Dry+bulk+outlook+still+solid

This autumn turned out to be much better than expected by most people involved in dry bulk shipping. Despite absorbing a record amount of new tonnage, the freight market improved substantially for all sizes of bulk carriers.

Print this page Save as PDF
Towards the end of November, the Baltic Dry Index reached a level that was 78% higher than at the market slump in the beginning of May. Since the end of March, when the previous market report in this publication was made, the Capesize spot rate level has increased from USD 33,800 per day to USD 65,200, Panamax is up from USD 17,800 to USD 33,400, and Supramax is up from USD 17,700 to USD 27,900.
The strongest reason for this increase is that the global steel market has improved by much more than already strong previous forecasts. In October 2005, the International Iron and Steel Institute predicted a growth in world steel demand of 4–4.5% in 2006, this was lifted to 7.3% in April and as much as 8.9% in October of last year. In comparison, the International Energy Agency now expects the world oil demand to increase by just 1.1% in 2006.
During the first ten months of 2006, China’s pig iron production was up about 21% compared to the same period in 2005, to around 335 million tonnes, whereas the rest of the world saw an increase of 3% to 386 million tonnes. China’s role has increased dramatically over the past few years.
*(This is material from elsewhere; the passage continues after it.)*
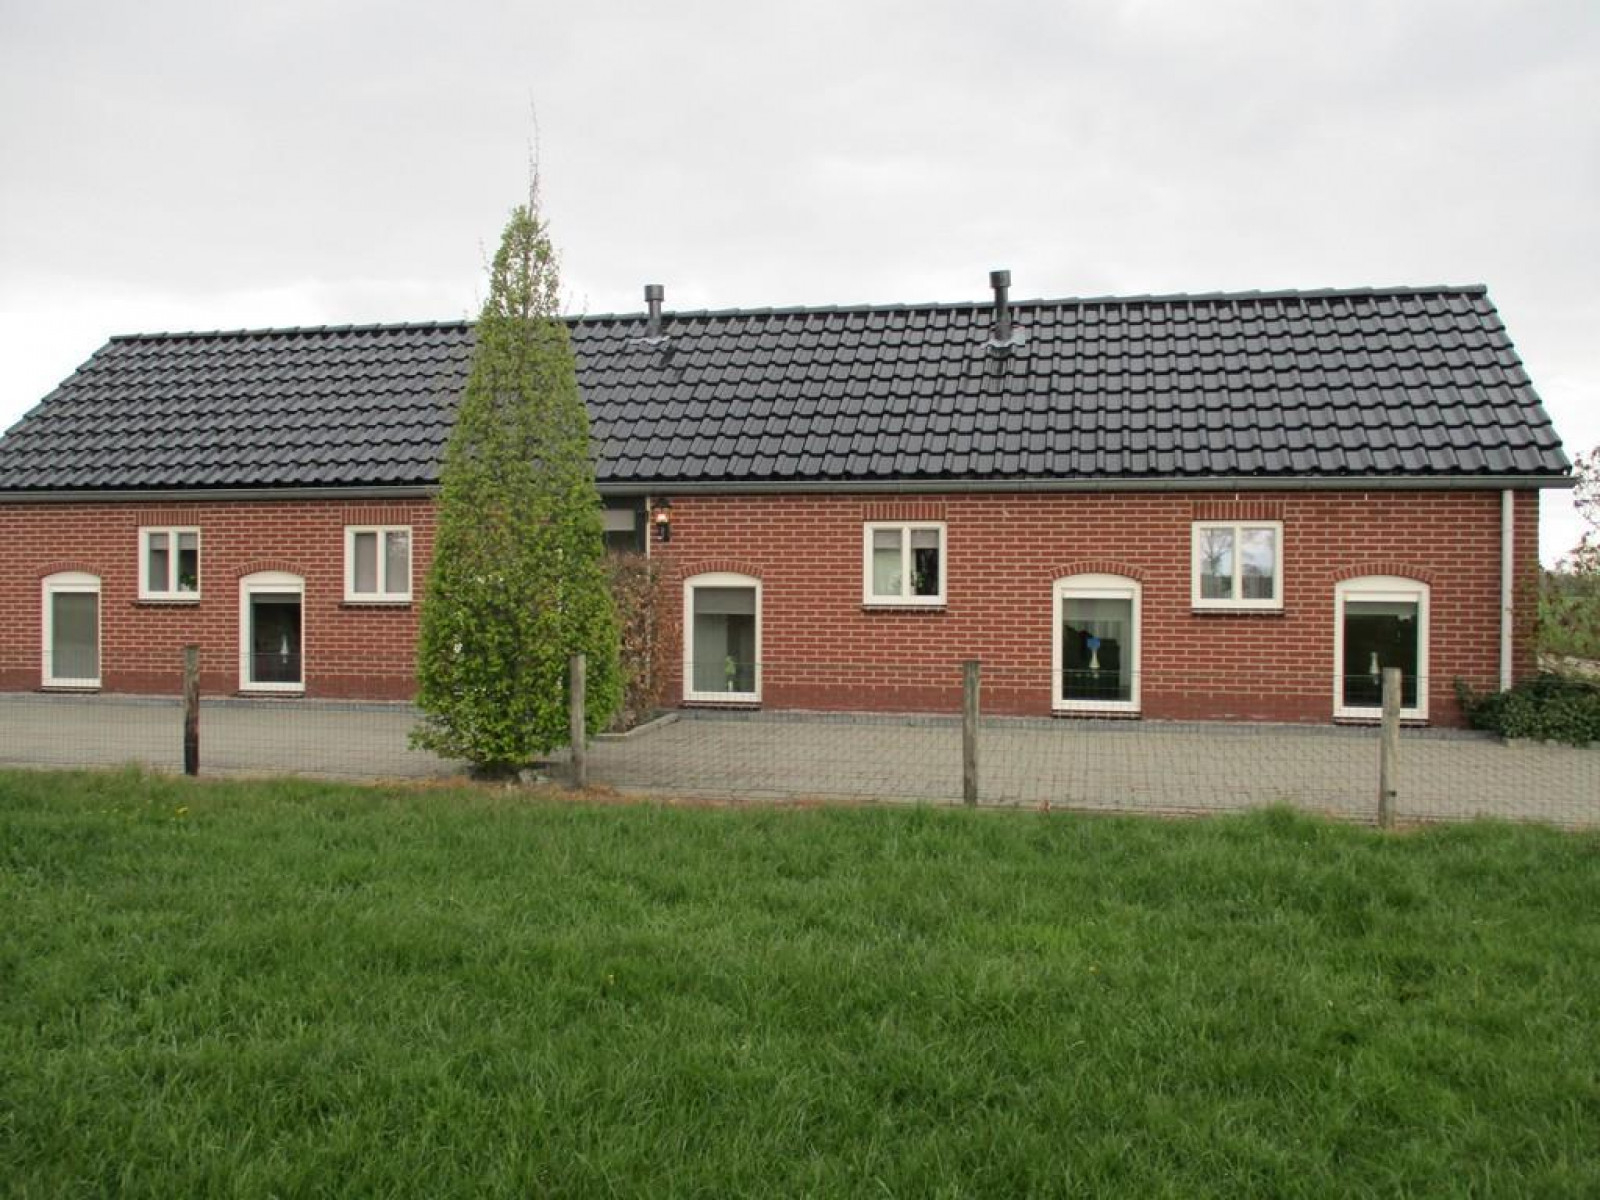 Heerlijkehuisjes.nl Vakantiehuis voor 4 personen in het midden van weilanden in Haarle-Hellendoorn, Overijssel - Nederland - Europa - Haarle-Hellendoorn

China’s share of world pig iron output rose from about 36% in 2004 to 43% in 2005, and reached 48% in October 2006.
China has for several years been among the largest steel importing countries in the world. However, in late 2004 this country suddenly became a net exporter and is now by far the largest steel exporting country in the world. In 3Q 2006, China exported some 14.6 million tonnes of steel products and semi-finished products, mostly to nearby countries, compared to export volumes of about 8.9 mt from Japan and 8.6 mt from Russia. Generally, it is better for the dry bulk market when China imports more steel because of the trade it generates in both iron ore and coking coal imports to countries making that steel, as well as the shipments of steel products, compared to making more steel in China.
China has also become a giant in the aluminium market. Over the first ten months of 2006, China’s primary aluminium production rose by more than 18% compared to the corresponding period in 2005, against an increase of just below 2% for the rest of the world. This brought world production up almost 6%. China’s share of world primary aluminium production rose from about 25% in the first ten months of 2005 to 28% in the corresponding period in 2006.
During the first ten months of 2006, new bulk carrier orders totalled 17.1 million dwt, whereas demolition sales reached 2.1 mdwt. Deliveries of new vessels amounted to 21.5 mdwt and deletions were at just 2.1 mdwt. The bulk carrier fleet rose from 344.0 mdwt to 365.4 mdwt, whereas the order book decreased from 65.0 mdwt to 60.7 mdwt at the beginning of November. This corresponded to 16.7% of the existing fleet. In comparison, the order books for oil tankers stood at 36% of the existing fleet, for container vessels at 53%, and for LNG vessels at as much as 83%.
A closer look at the bulk carrier order book in early November shows huge variations for different size groups. The order book for vessels of 10–50,000 dwt was still modest at only about 6% compared to the existing fleet, and this size group will diminish somewhat over the next couple of years. The Supramax order book stood at 38%, Panamax at only 9%, and Capesize above 80,000 dwt at 27%. Within the Capesize range, there was a strong concentration around Kamsarm ax, with an order book of 62%, and vessels over 200,000 dwt,with 89%, whereas the order book for standard Capesize vessels of 120–200,000 dwt was only 13% of the existing fleet.
The continued rather modest order book for bulk carriers should allow for a well balanced and rather firm dry bulk market over the next couple of years. According to the latest forecasts from Fearnresearch, the bulk carrier fleet will increase by 7.4% in 2006, 3.8% in 2007, and just 3.3% in 2008, after an increase of 7.1% in 2005. Fleet growth rates have been adjusted somewhat upwards due to very limited scrapping because of the good freight rates. In comparison, dry bulk tonne-mile estimates have been revised upwards to a growth of 6.3% in 2005, with foreseen growth rates of 6.8% in 2006 and 5.2% in 2007.
The dry bulk window opened earlier and by more than the optimists believed and it may seem as if it is not closed yet, as the market could turn out to remain more than healthy for another couple of years.